Directions:
From the first line to the last, output the data exactly as it stands, minus its pictures.

Given information:
◆ ◆ ◆

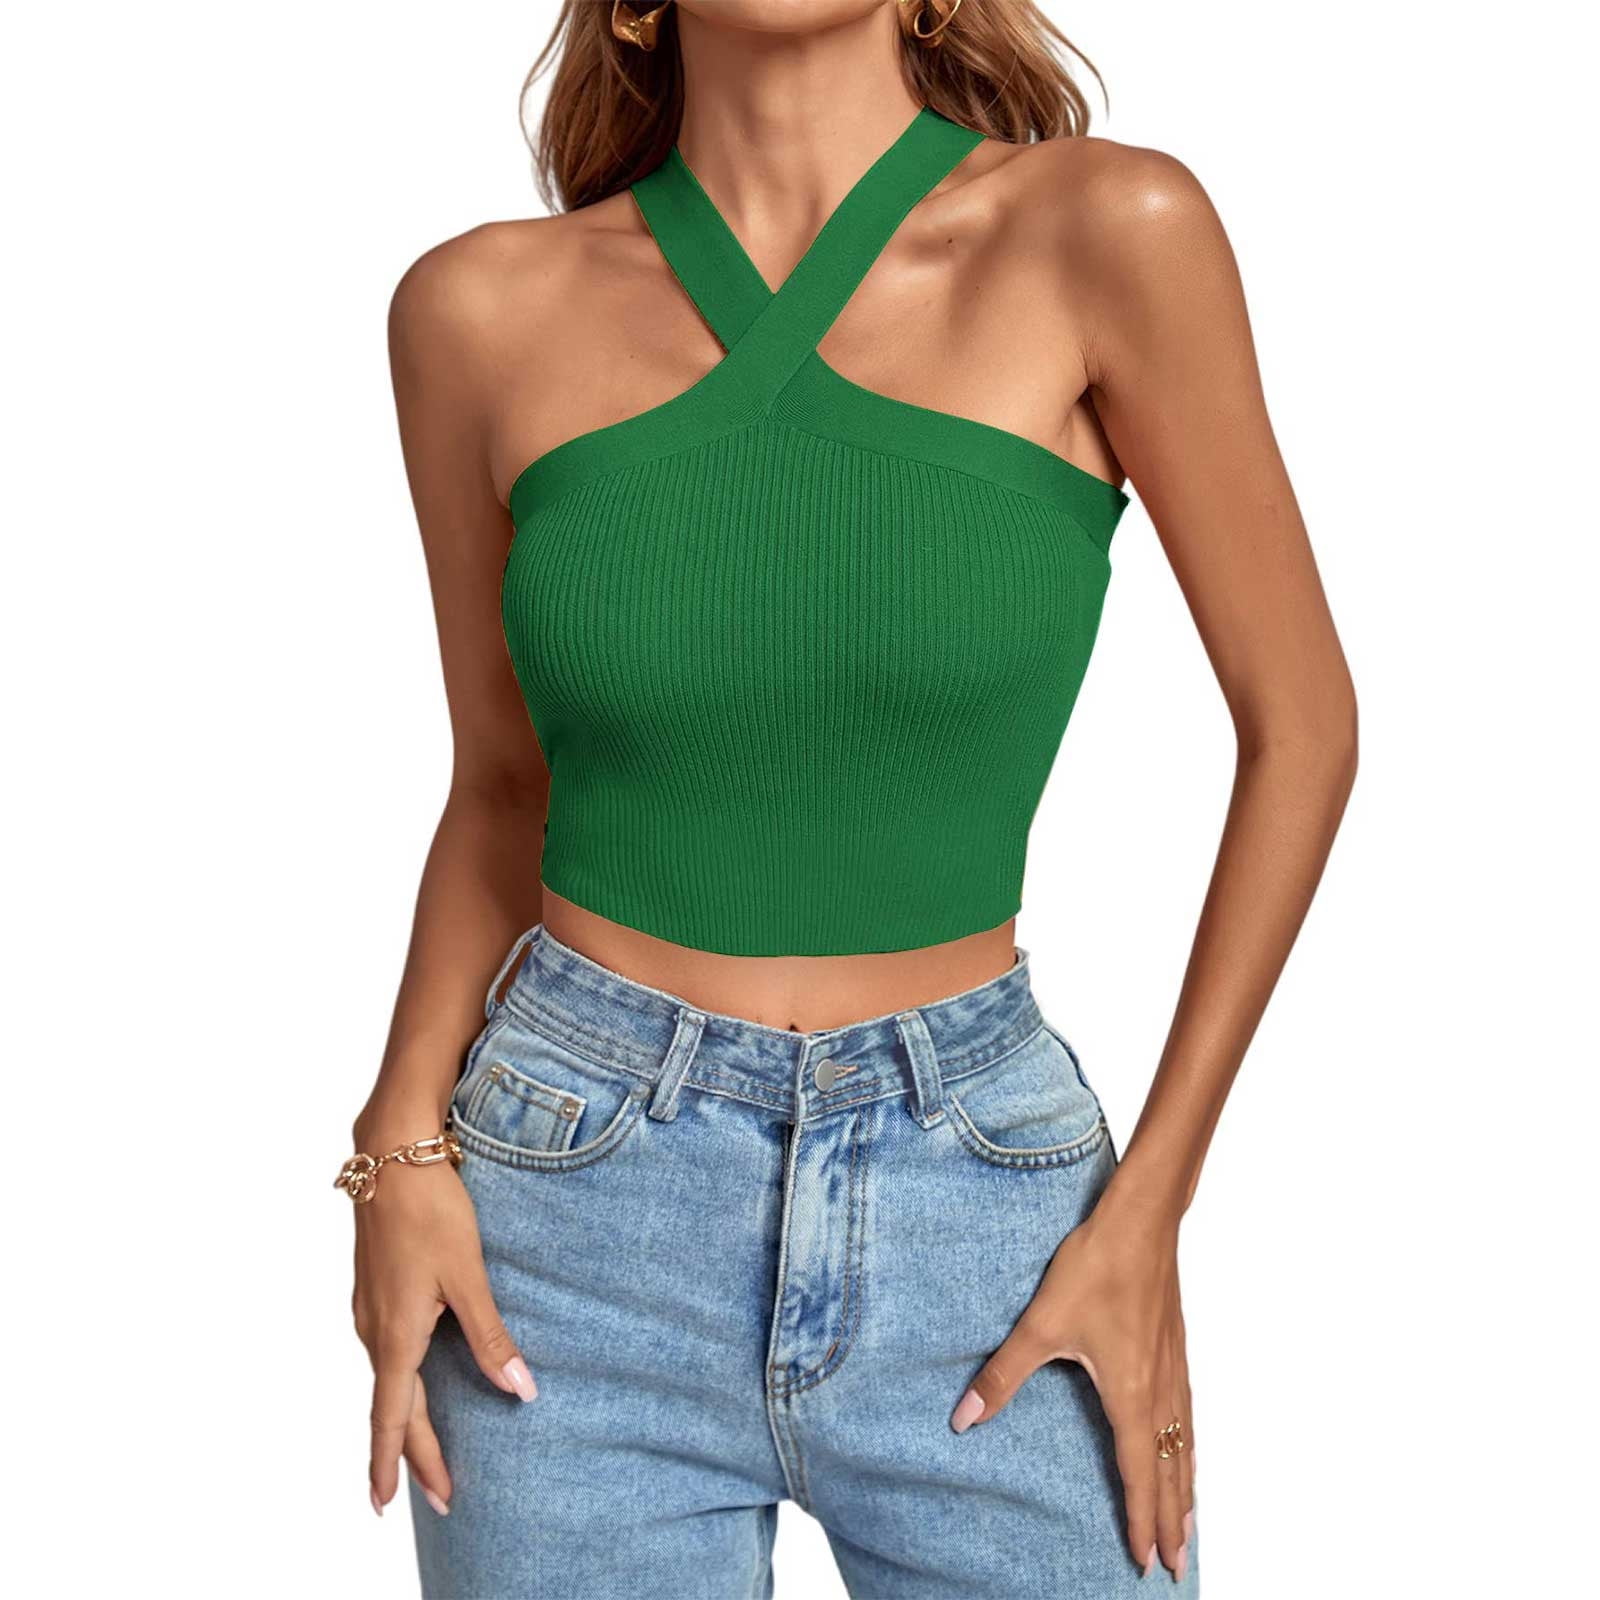 KEEPBEAUTY Womens Halter Tops Summer Sleeveless Shirts Sexy High Neck  Fitted Tops Racer Back Tank Tops Blouses Army Green at  Women's  Clothing store
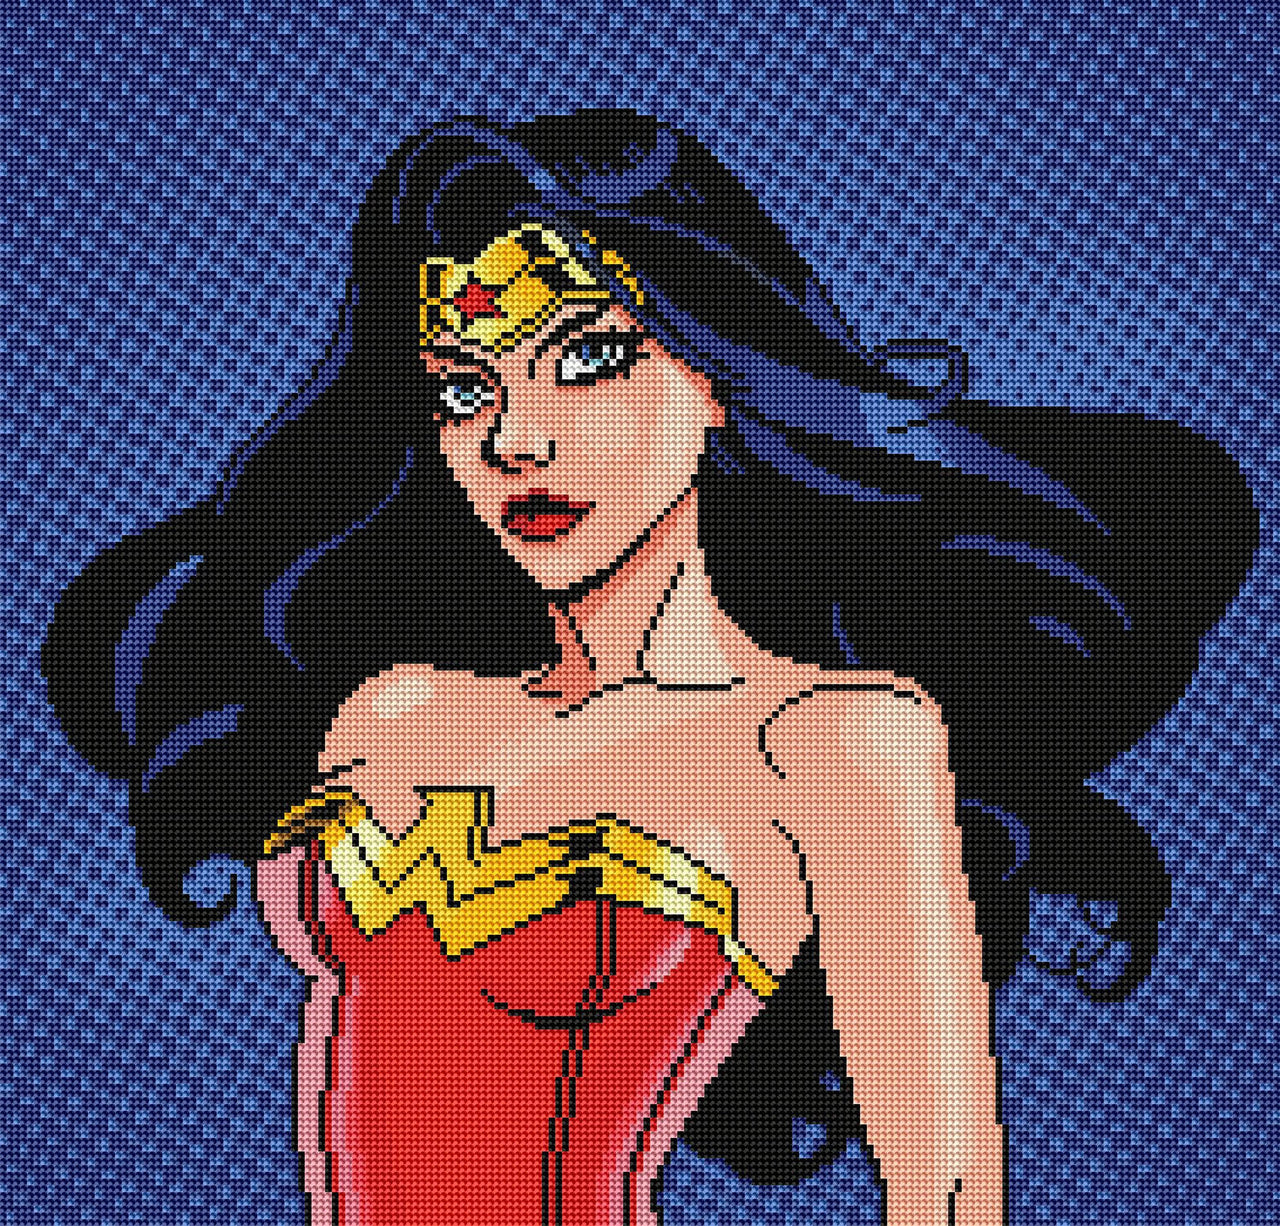 Diamond Painting Wonder Woman Pop Art 21" x 20″ (53cm x 51cm) / Round with 24 Colors including 3 ABs / 34,209
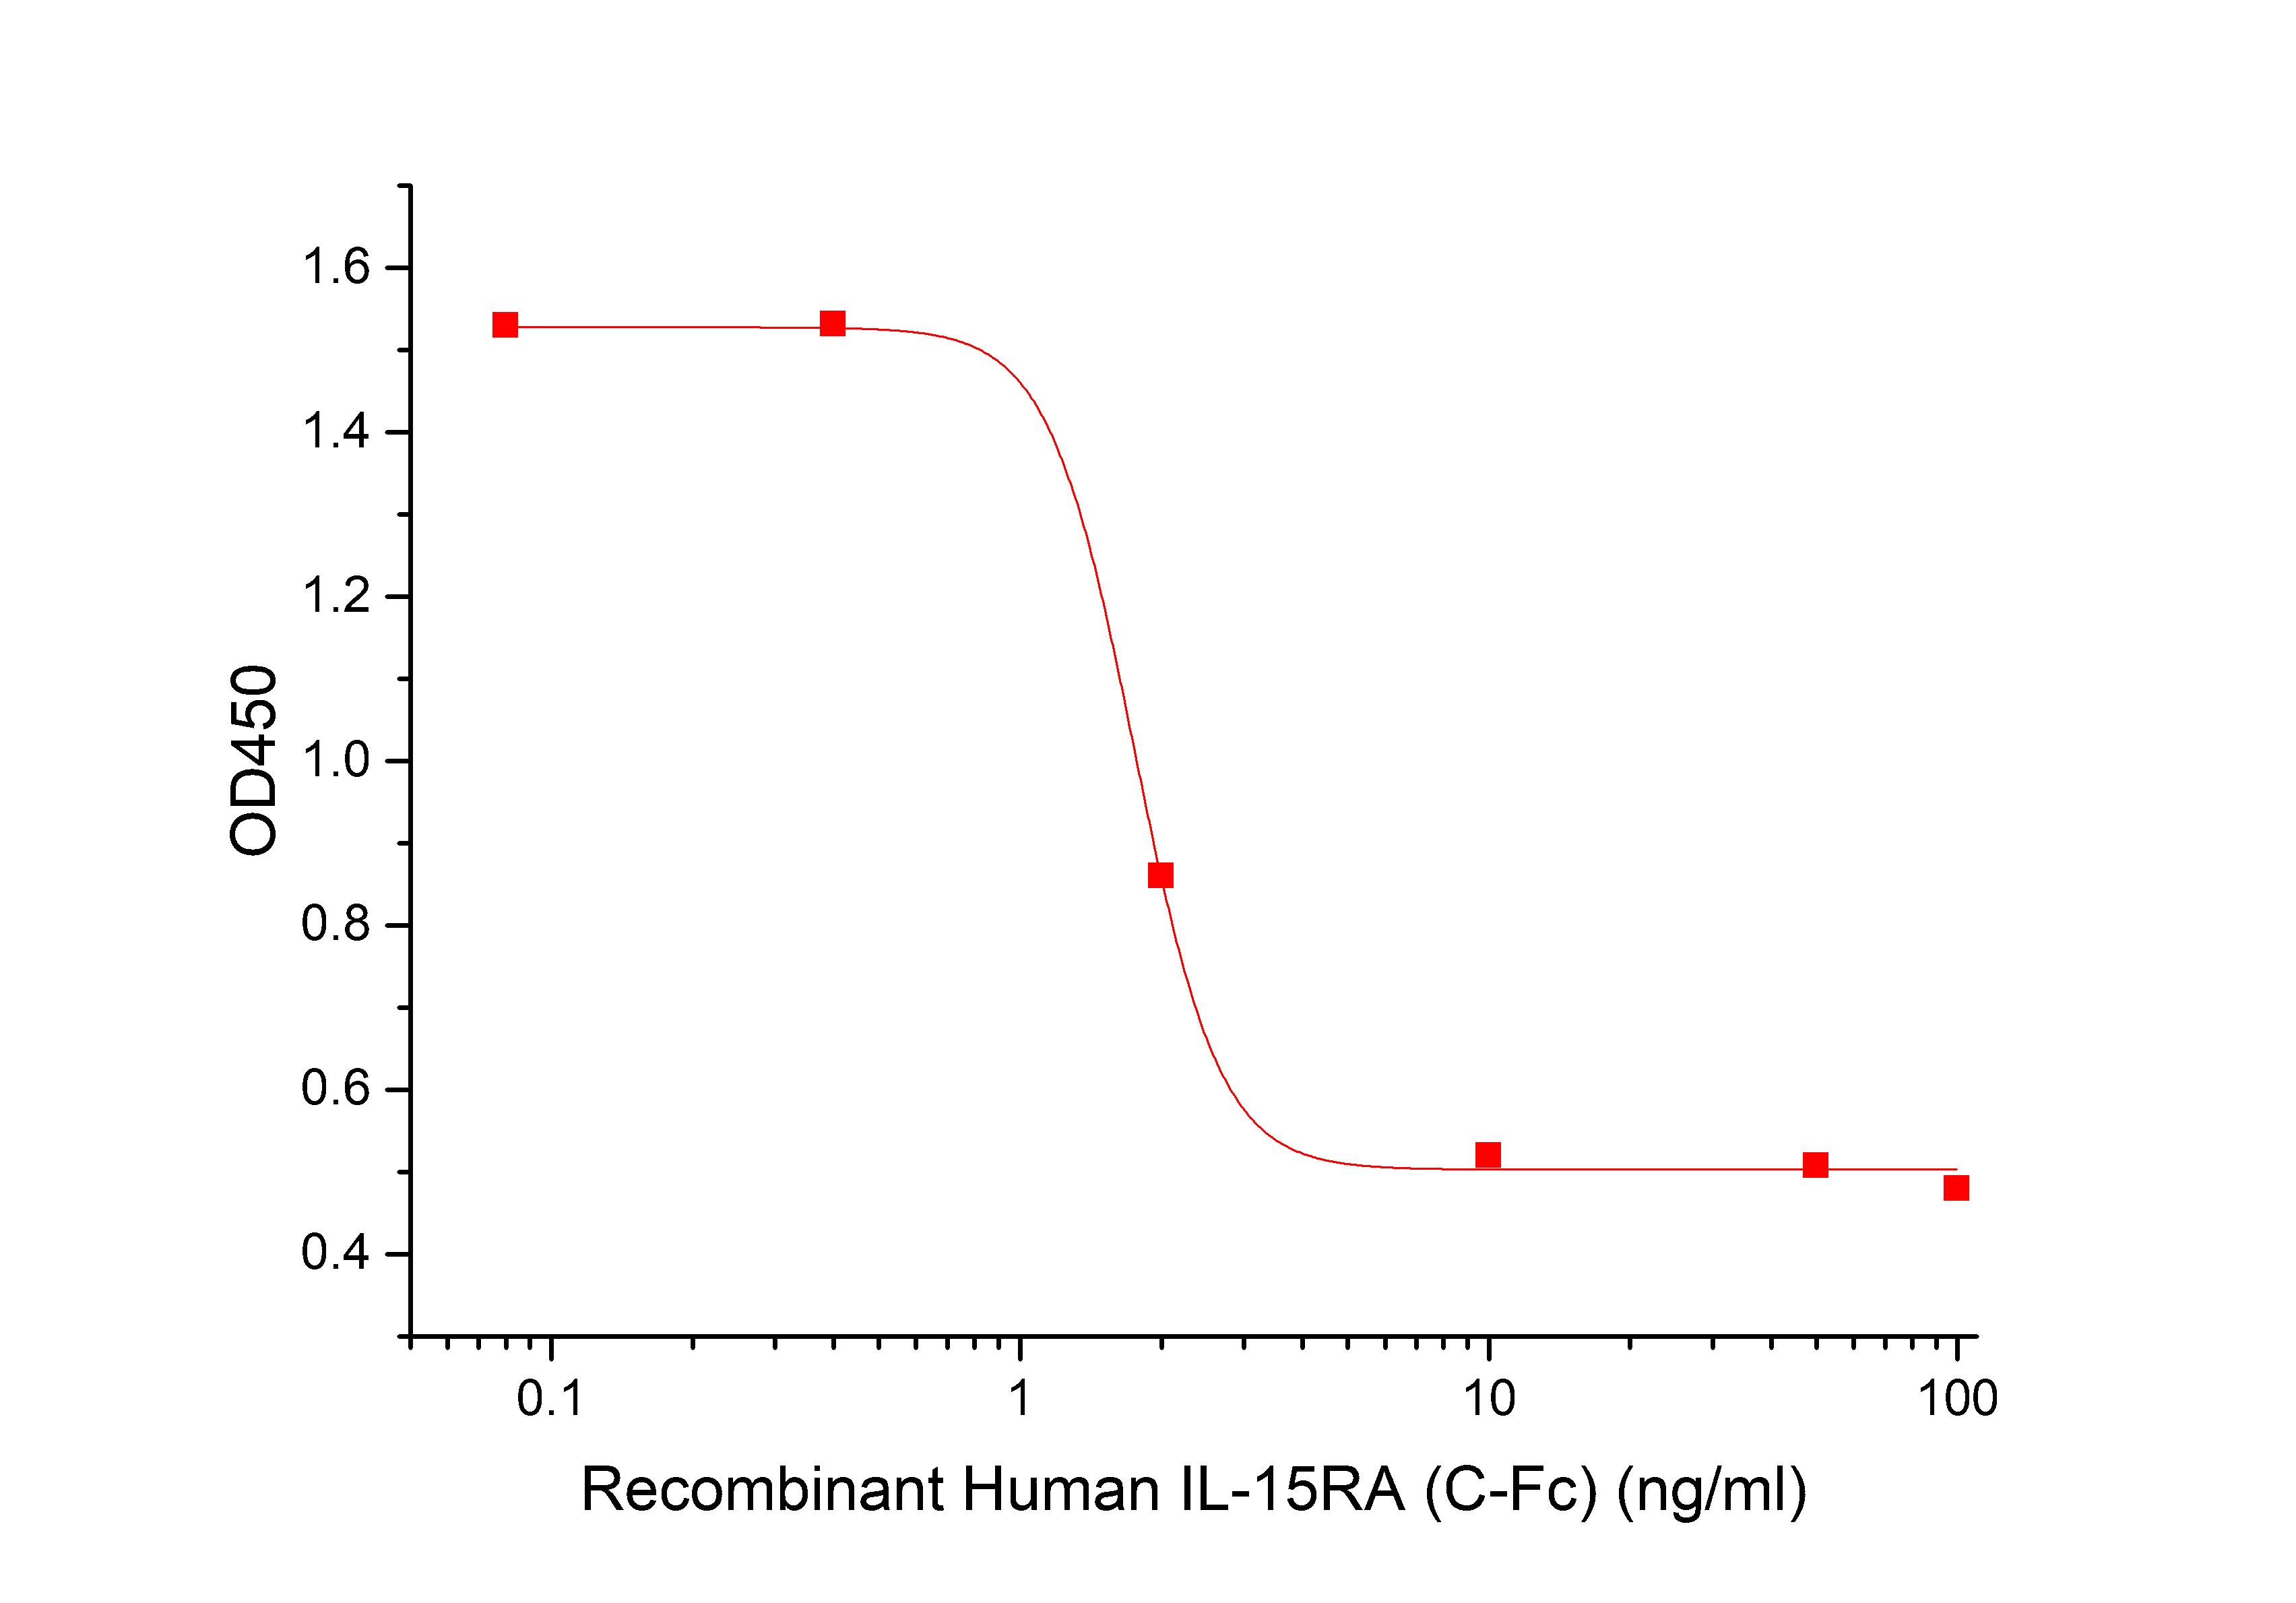 IL-15RA Protein, Human, Recombinant (hFc, Human Cells)

◆ ◆ ◆

Exercise solution:
 KEEPBEAUTY Womens Halter Tops Summer Sleeveless Shirts Sexy High Neck  Fitted Tops Racer Back Tank Tops Blouses Army Green at  Women's  Clothing store
 Diamond Painting Wonder Woman Pop Art 21" x 20″ (53cm x 51cm) / Round with 24 Colors including 3 ABs / 34,209
 IL-15RA Protein, Human, Recombinant (hFc, Human Cells)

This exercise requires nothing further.